_Task details_. Each line of the material must be reproduced exactly; pictures stay out.

_Available data_.
====

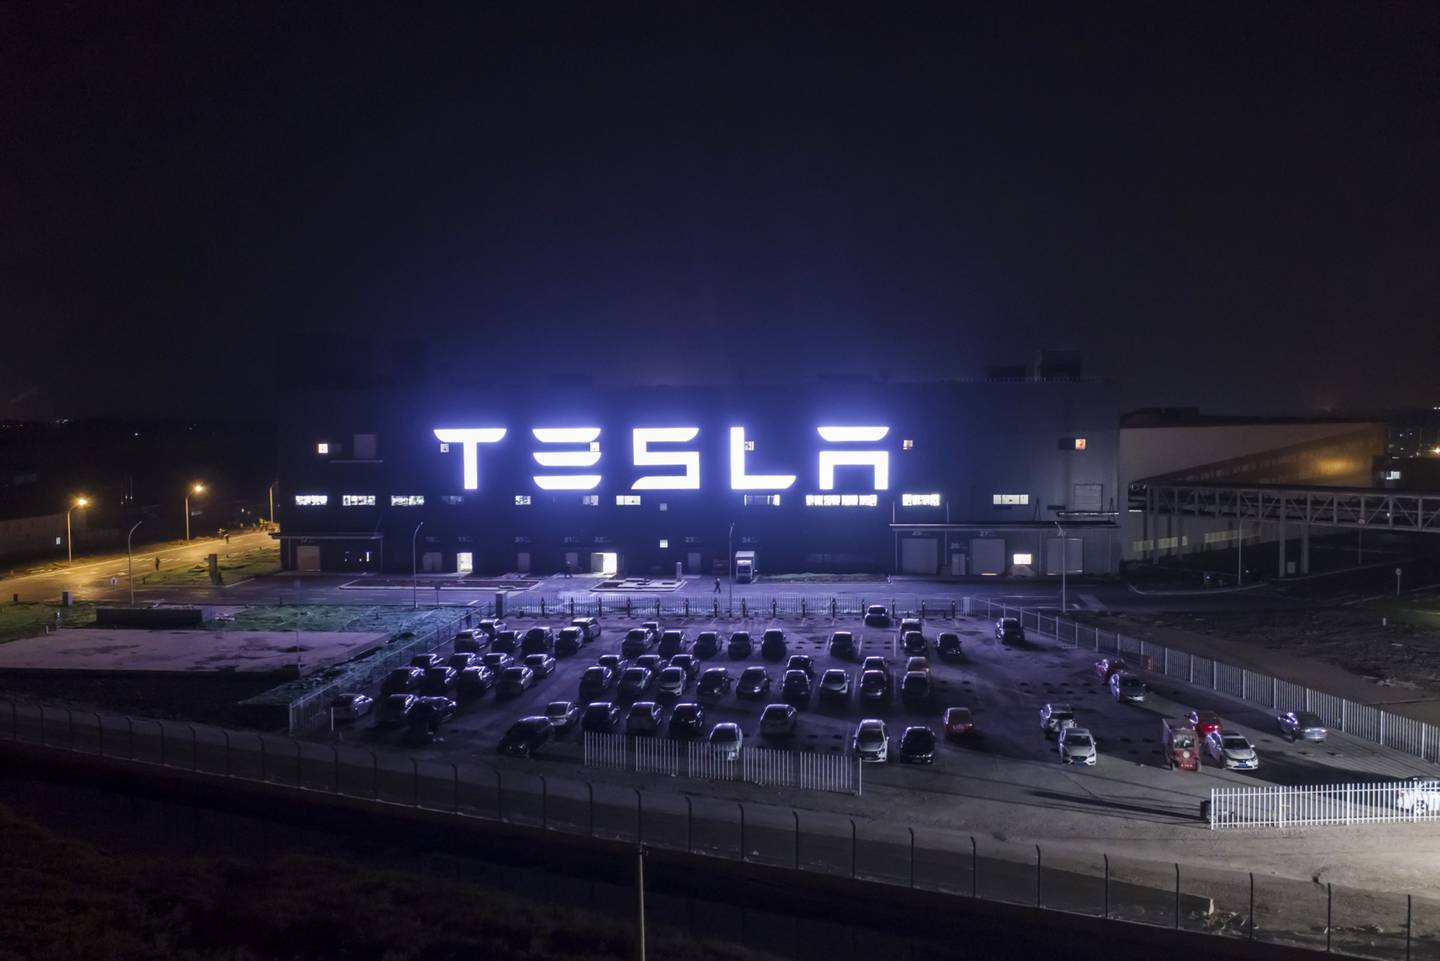 La Gigafábrica de Tesla Inc. Gigafactory permanece iluminada por la noche en Shanghái, China, el viernes 1 de noviembre de 2019. Fotógrafo: Qilai Shen/Bloomberg
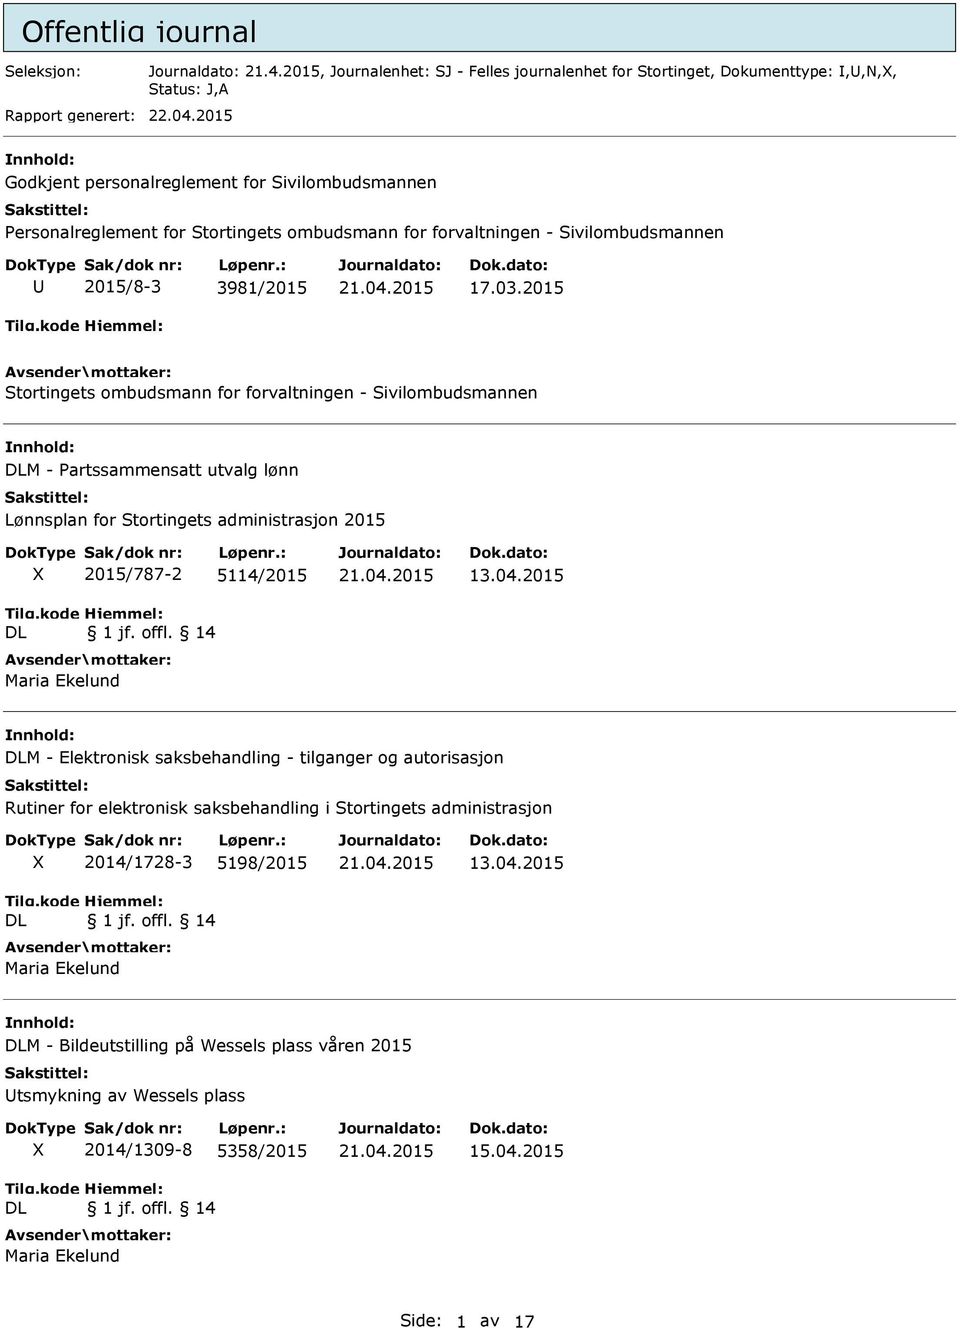 2015 Stortingets ombudsmann for forvaltningen - Sivilombudsmannen nnhold: DLM - Partssammensatt utvalg lønn Lønnsplan for Stortingets administrasjon 2015 DL 2015/787-2 5114/2015 1 jf. offl.
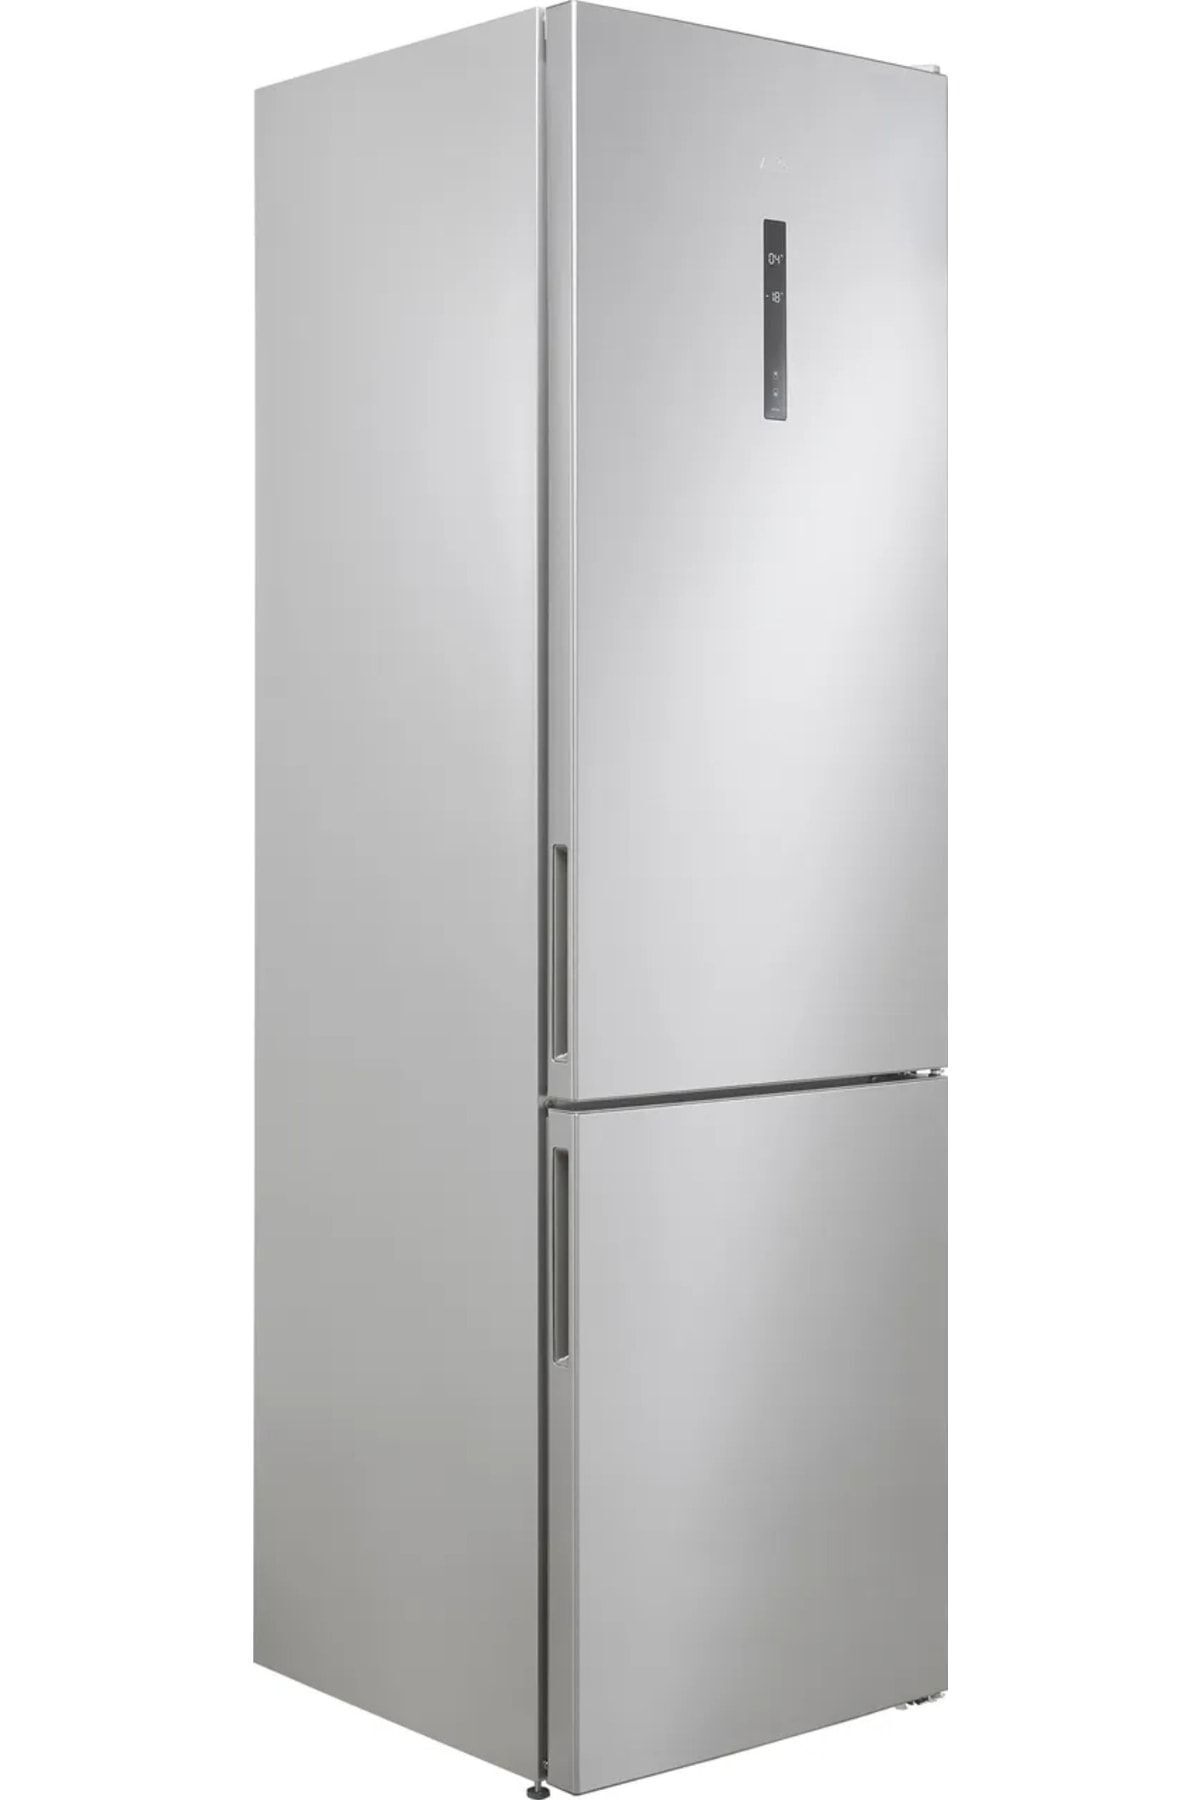 VESTEL 401lt / 2metre Ekstra Uzun Inox No-frost Buzdolabı

====

_Task response_.
 La Gigafábrica de Tesla Inc. Gigafactory permanece iluminada por la noche en Shanghái, China, el viernes 1 de noviembre de 2019. Fotógrafo: Qilai Shen/Bloomberg
 2015 Stortingets ombudsmann for forvaltningen - Sivilombudsmannen nnhold: DLM - Partssammensatt utvalg lønn Lønnsplan for Stortingets administrasjon 2015 DL 2015/787-2 5114/2015 1 jf. offl.
 VESTEL 401lt / 2metre Ekstra Uzun Inox No-frost Buzdolabı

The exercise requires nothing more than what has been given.